Part B — Measured verification (API required):
- Run
prompt_caching_demo.pyfrom theexamples/directory. - Record the
cache_creation_input_tokenson call 1 andcache_read_input_tokenson calls 2–3. - Calculate the actual cost savings from the measured token counts.
- Compare with your theoretical calculation from Part A.
Deliverable: A markdown file exercise_03_solution.md with your calculations shown step by step, and a screenshot or copy-paste of the demo output from Part B.

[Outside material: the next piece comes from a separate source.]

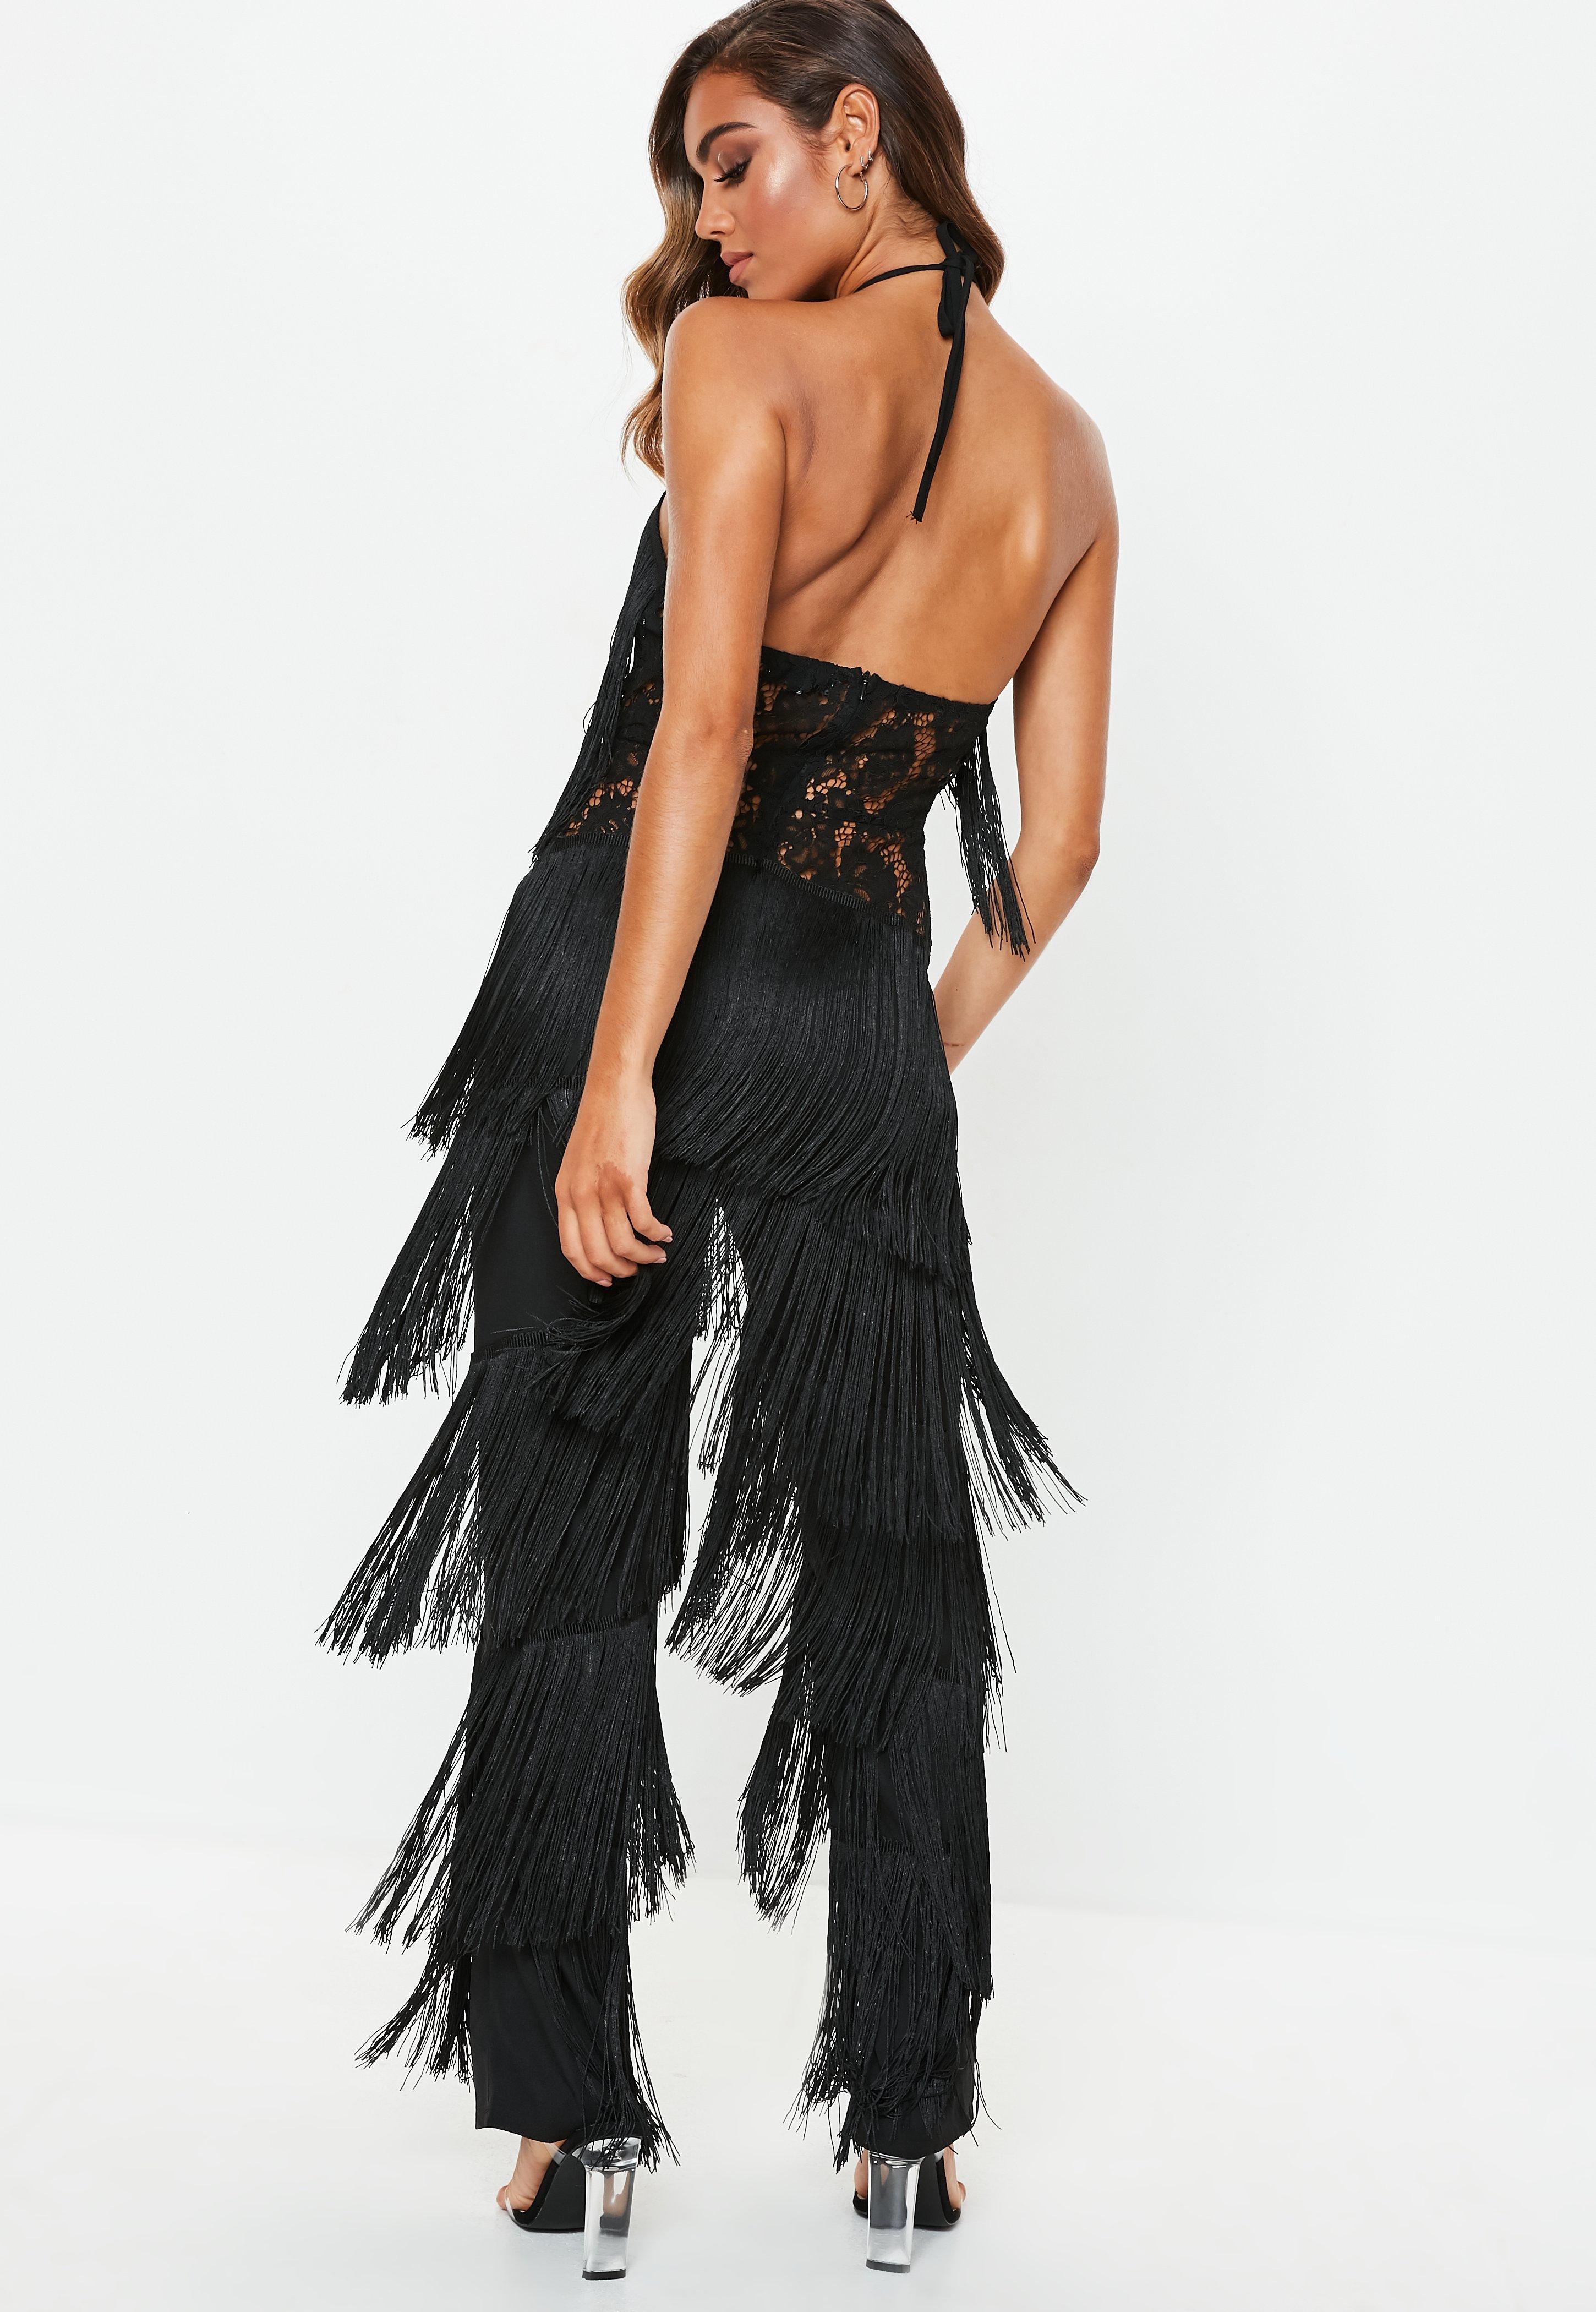 eaedd92a32c Missguided - Black Fringe Lace Jumpsuit - Lyst. View fullscreen

Exercise 4: Simple Model Router
Objective: Build a model router that selects the cheapest adequate model for each query.
Task:
Implement a ModelRouter class with the following routing logic:
| Condition | Route to |
|---|---|
| Query < 50 words AND no code-related keywords | claude-haiku-4-5-20251001 |
| Query >= 50 words OR contains code keywords | claude-sonnet-4-5-20251001 |
Code-related keywords: code, debug, function, class, error, stack trace, implement, refactor, algorithm, complexity.
Interface:
class ModelRouter:
def select_model(self, query: str) -> str:
"""Return the model name to use for this query."""
...
def call(self, query: str, client: anthropic.Anthropic) -> tuple[str, str]:
"""Route query to the right model and return (response_text, model_used)."""

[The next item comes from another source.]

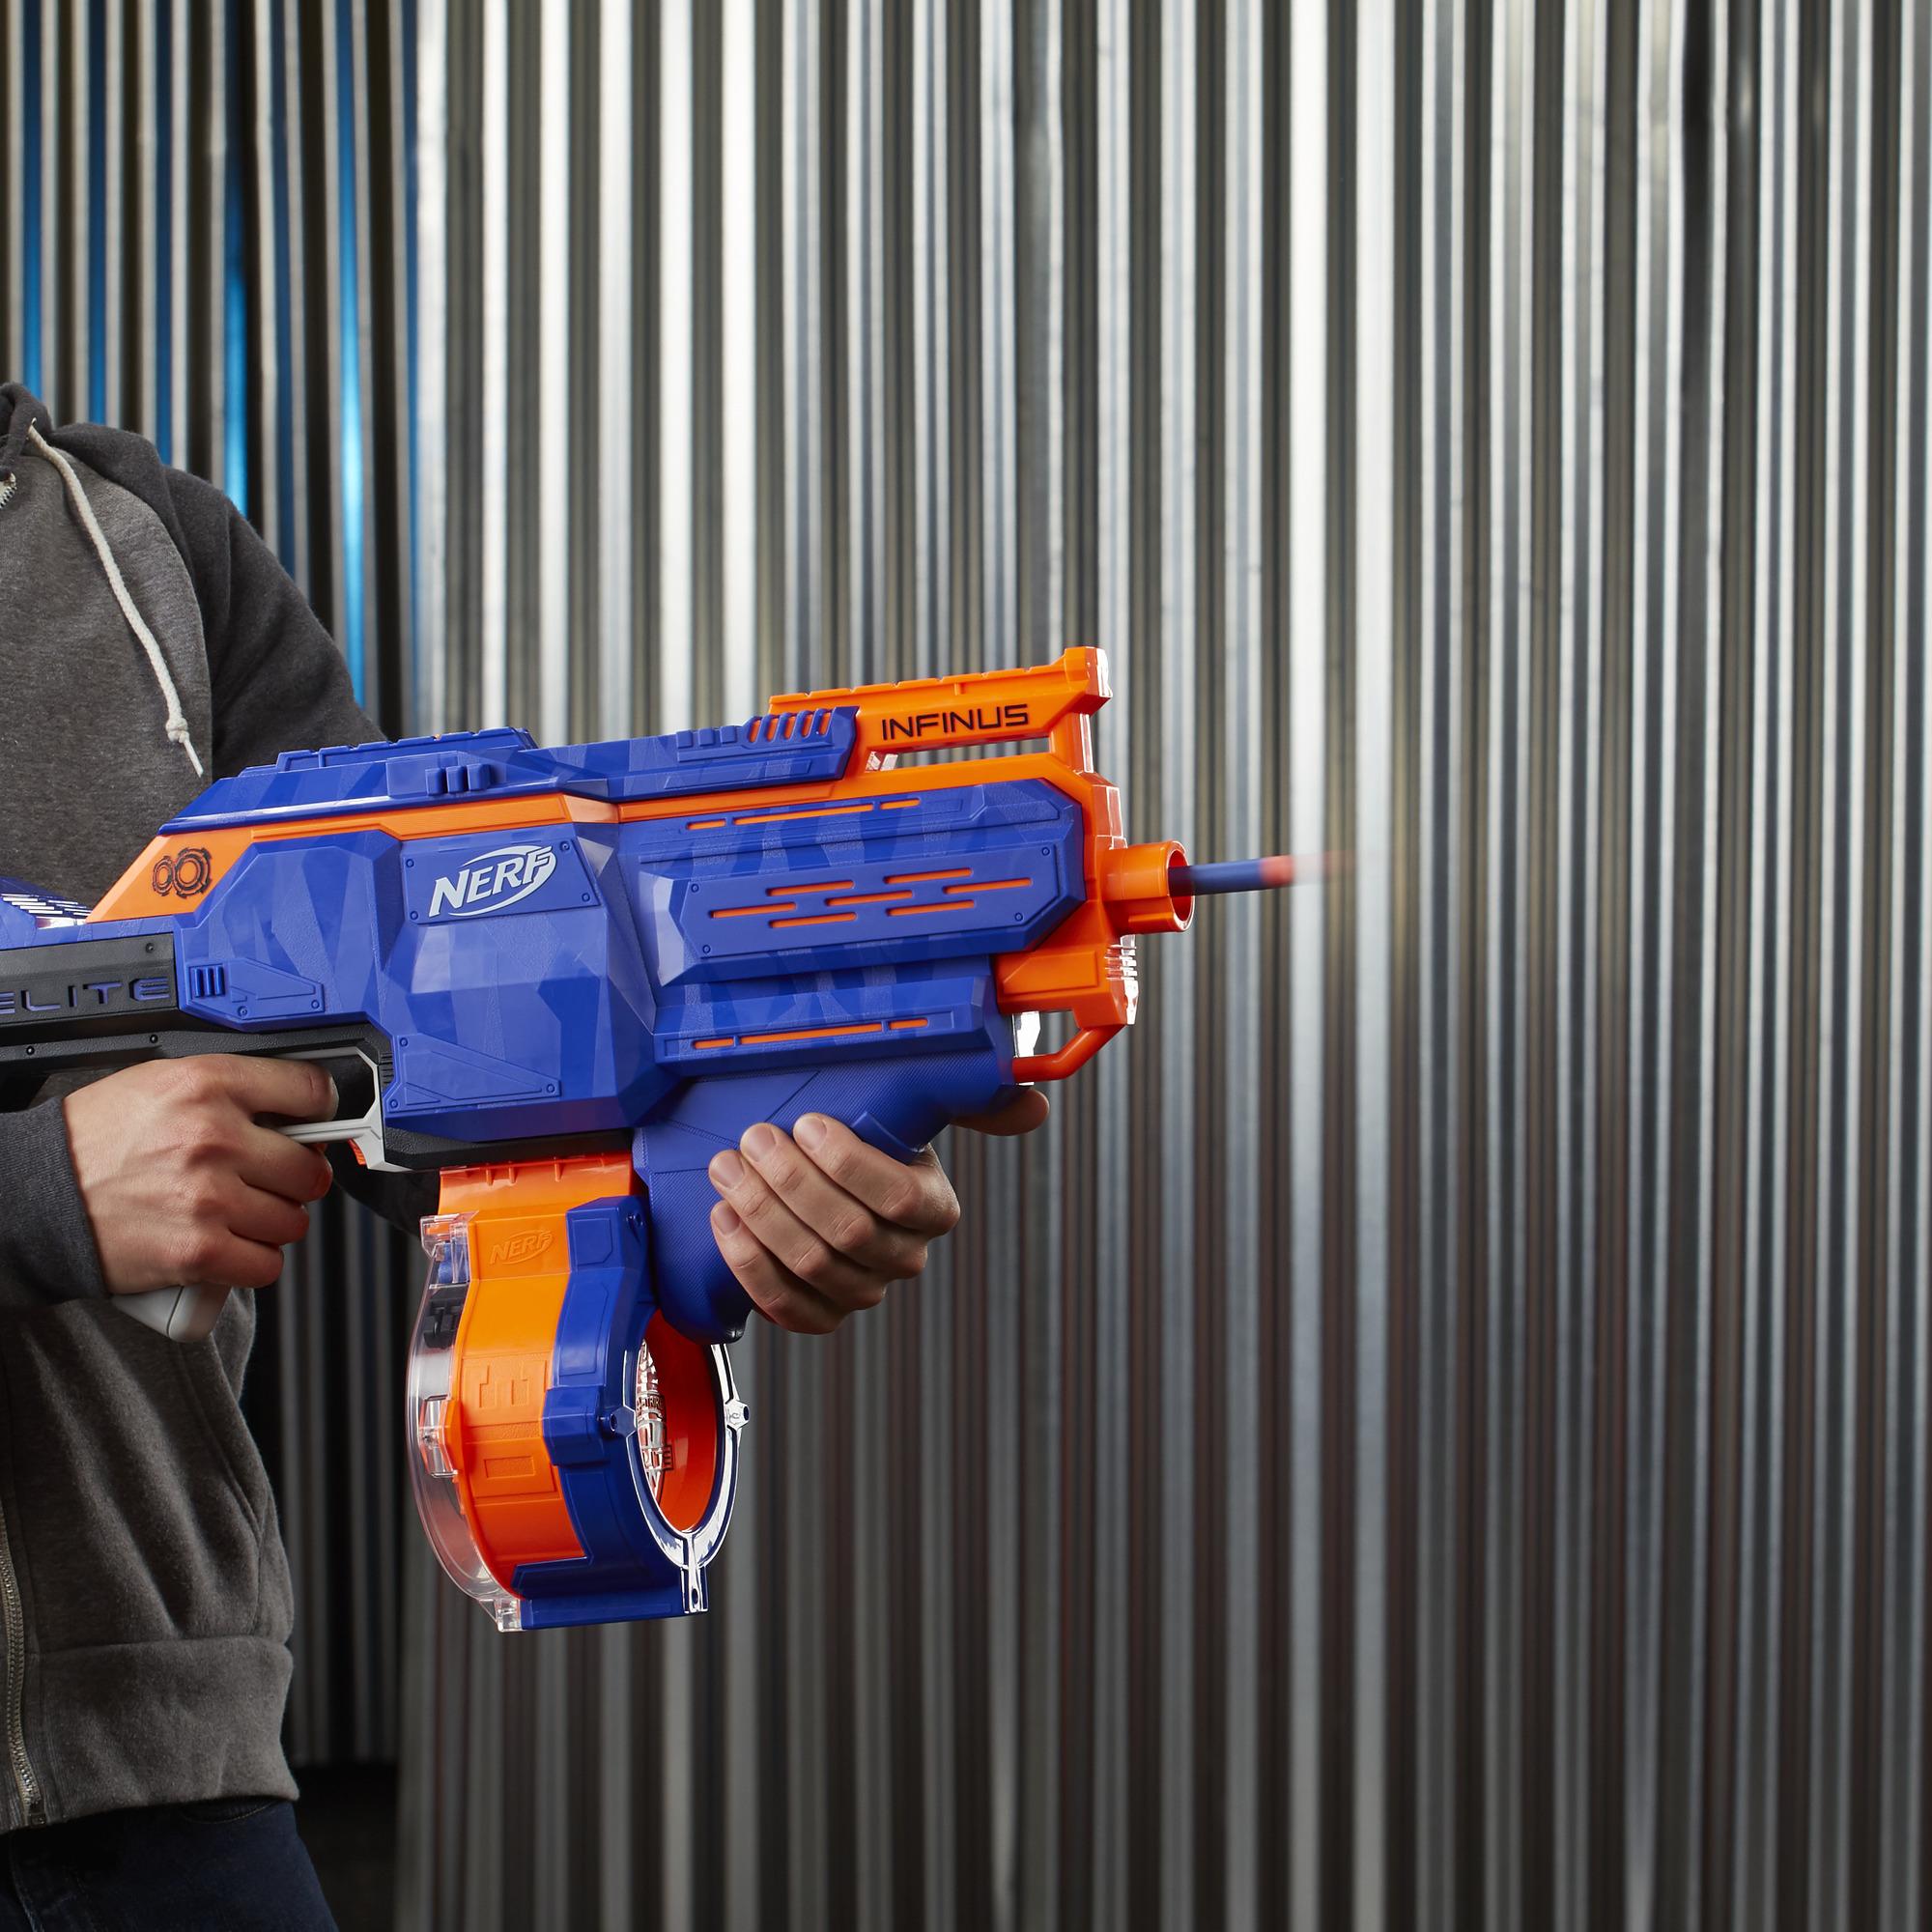 Nerf N-strike Elite Infinus with Speed-Load Tech 30-Dart Drum 30 Nerf Darts

...Test your router with at least 6 queries:
- “What is 2+2?” → should route to Haiku
- “Summarize the French Revolution in one paragraph.” → route based on word count
- “Debug this Python function: def foo(x): return x/0” → should route to Sonnet
- “Write a recursive algorithm for binary search with O(log n) complexity.” → Sonnet
- A long essay question (50+ words) → Sonnet
- A very short classification task → Haiku
Log which model was selected and the actual cost for each call. Calculate the total cost of your test set and compare it to the cost if all calls went to Sonnet.
Stretch goal: Add a third tier — if the query contains “analyze in depth”, “comprehensive report”, or similar high-stakes phrases, route to Opus (but add a cost guard that refuses if estimated cost > $0.10).
Exercise 5 (Interview Sim): Infrastructure Design for 10,000 Requests/Day
Objective: Practice the system design interview question most commonly asked when hiring for LLM engineering roles.
The Question:
“Design the infrastructure for an LLM-powered API that must handle 10,000 requests per day with a P99 latency under 2 seconds, at minimum cost. The system serves a B2C product where users ask questions about their financial portfolio. Responses should be accurate and contextually aware of previous messages in the session.”
Deliverable: Write a structured design document (exercise_05_design.md) covering:
1. Capacity planning (show your math):
- Requests per second (average and peak — assume 10:1 peak ratio)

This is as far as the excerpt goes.